Lemma: If $\displaystyle x-y>1$ then $\displaystyle \left( {\exists k \in Z} \right)\left[ {y < k < x} \right]$.
Proof:
By the floor function, $\displaystyle \left\lfloor y \right\rfloor \leqslant y < \left\lfloor y \right\rfloor + 1\,\mbox{or}\,\left\lfloor y \right\rfloor + 1 \leqslant y + 1 < x \Rightarrow \quad y < \left\lfloor y \right\rfloor + 1 < x$.
Between any two numbers there is a rational number.
Proof:
If $\displaystyle a<b$ then $\displaystyle \left( {\exists K \in Z^ + } \right)\left[ {\frac{1}
{{b - a}} < K} \right]$.
But that means that $\displaystyle 1 < Kb - Ka$ so by the lemma $\displaystyle \left( {\exists J \in Z} \right)\left[ {Ka < J < Kb} \right] \Rightarrow \quad a < \frac{K}{J} < b$.
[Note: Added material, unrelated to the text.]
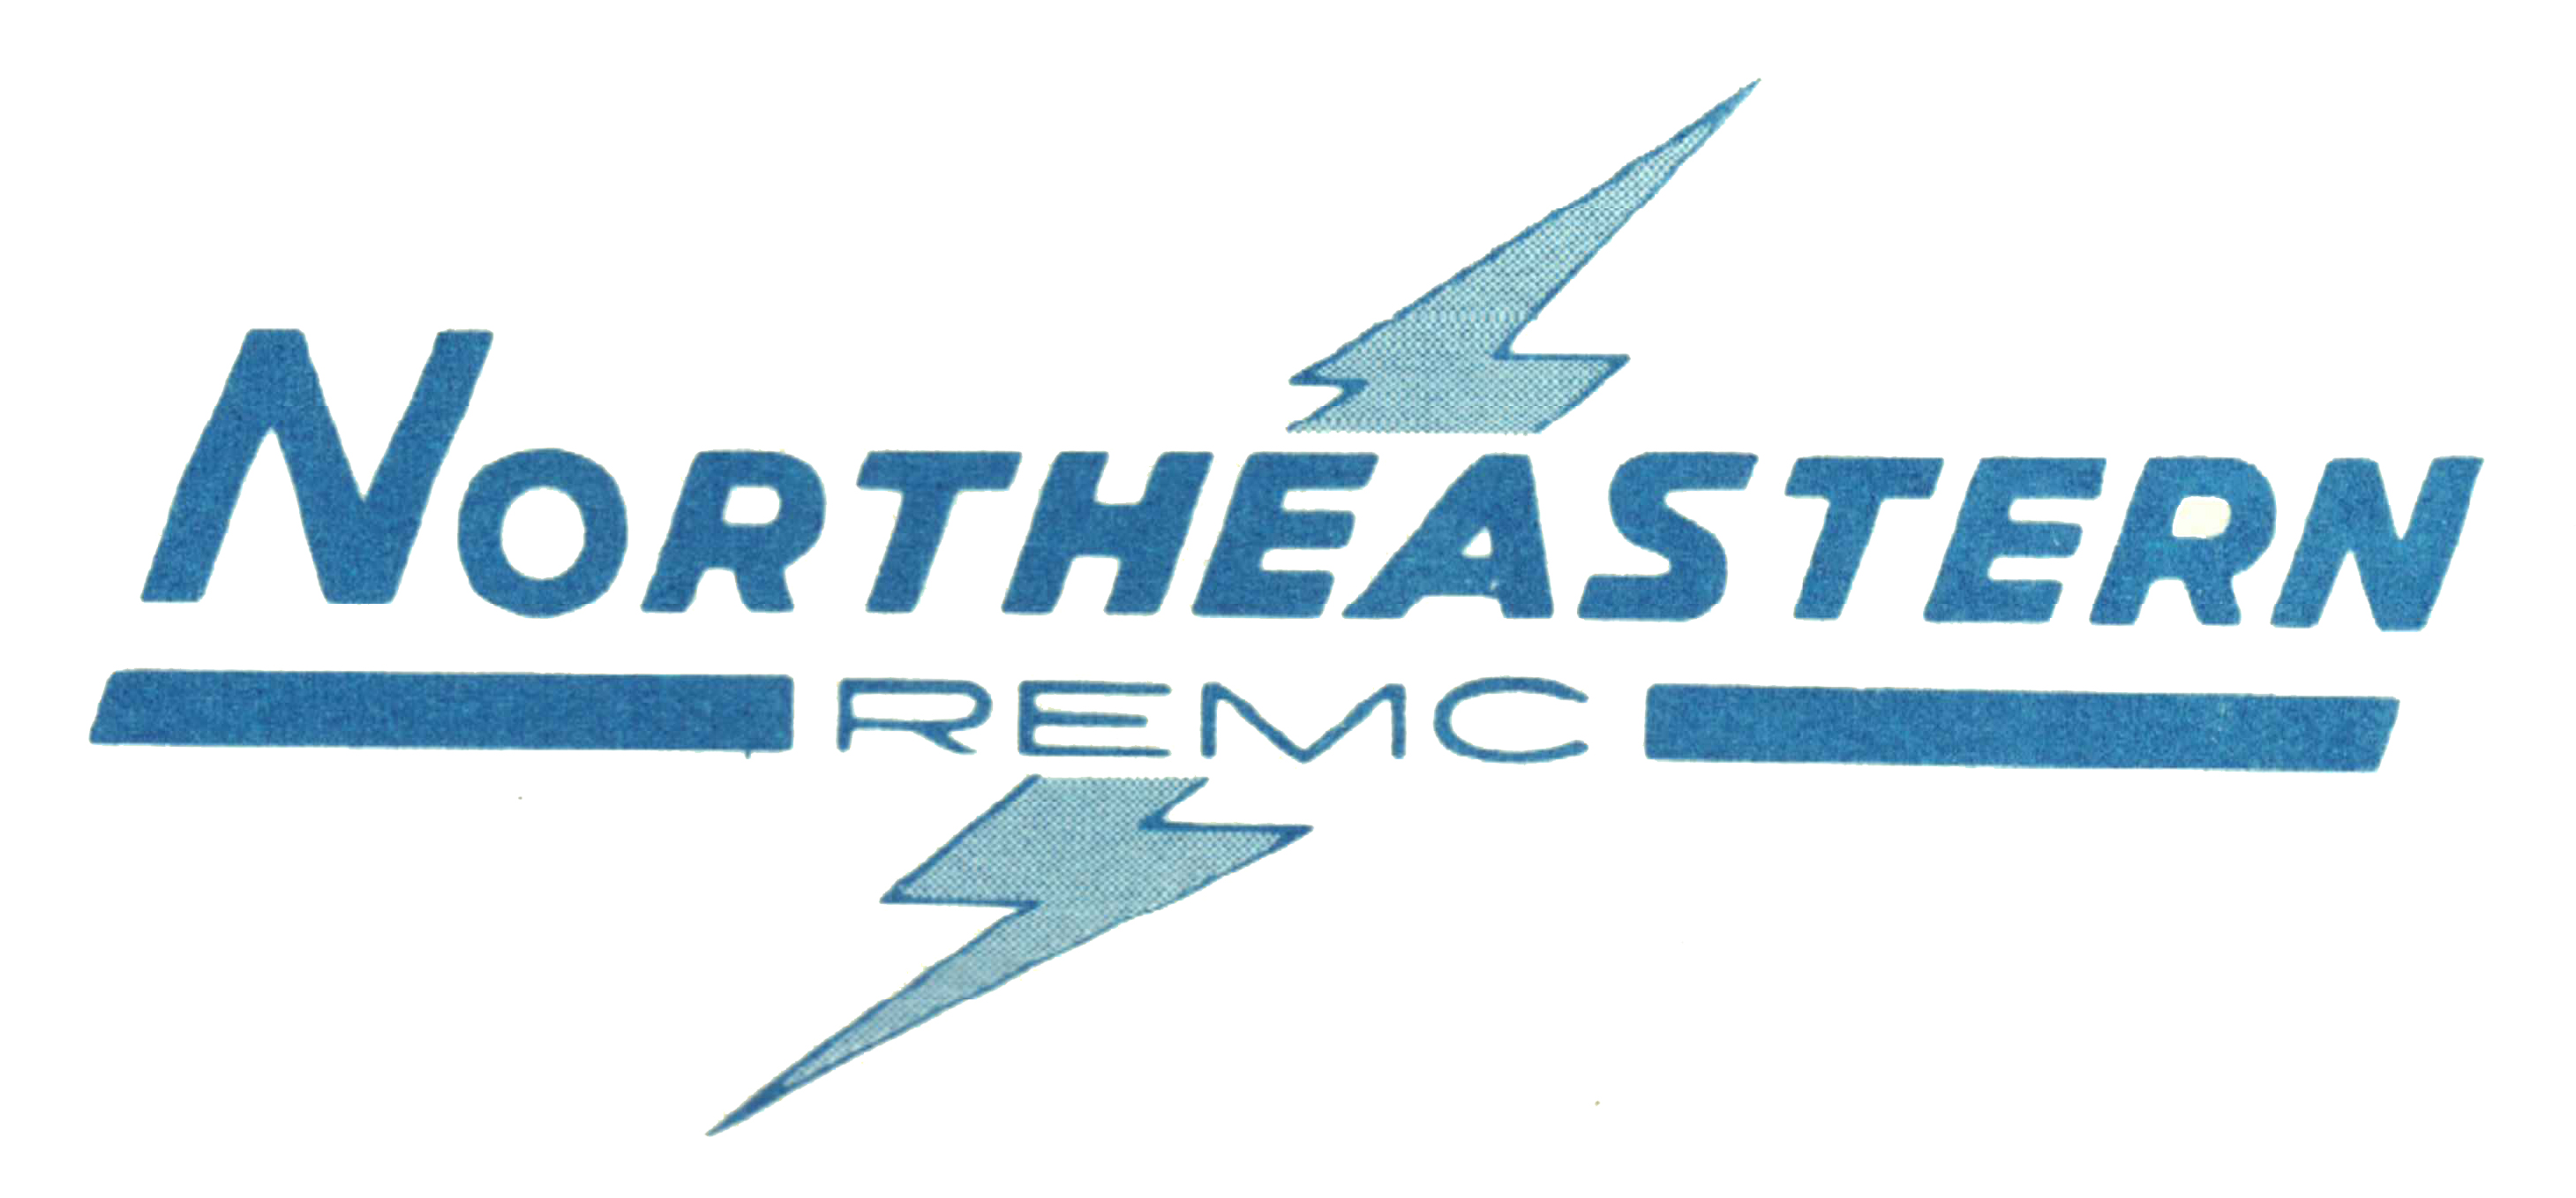 Northeastern Logo in the 80's

Between any two numbers there is a irrational number.
Proof:
If $\displaystyle a<b$ then $\displaystyle a\sqrt 2 < b\sqrt 2 $ so by the above $\displaystyle \left( {\exists r \in Q} \right)\left[ {a\sqrt 2 < r < b\sqrt 2 } \right]$.
But $\displaystyle a < \frac{r}{{\sqrt 2 }} < b$ and $\displaystyle \frac{r}{{\sqrt 2 }}$ is irrational .
Bah! The last part should be done this way.
If $\displaystyle a<b$ then $\displaystyle a+\sqrt 2 < b+\sqrt 2 $ so by the above $\displaystyle \left( {\exists r \in \mathbb{Q}} \right)\left[ {a+\sqrt 2 < r < b+\sqrt 2 } \right]$.
But $\displaystyle a < r-\sqrt 2 < b$ and $\displaystyle r-\sqrt 2$ is irrational.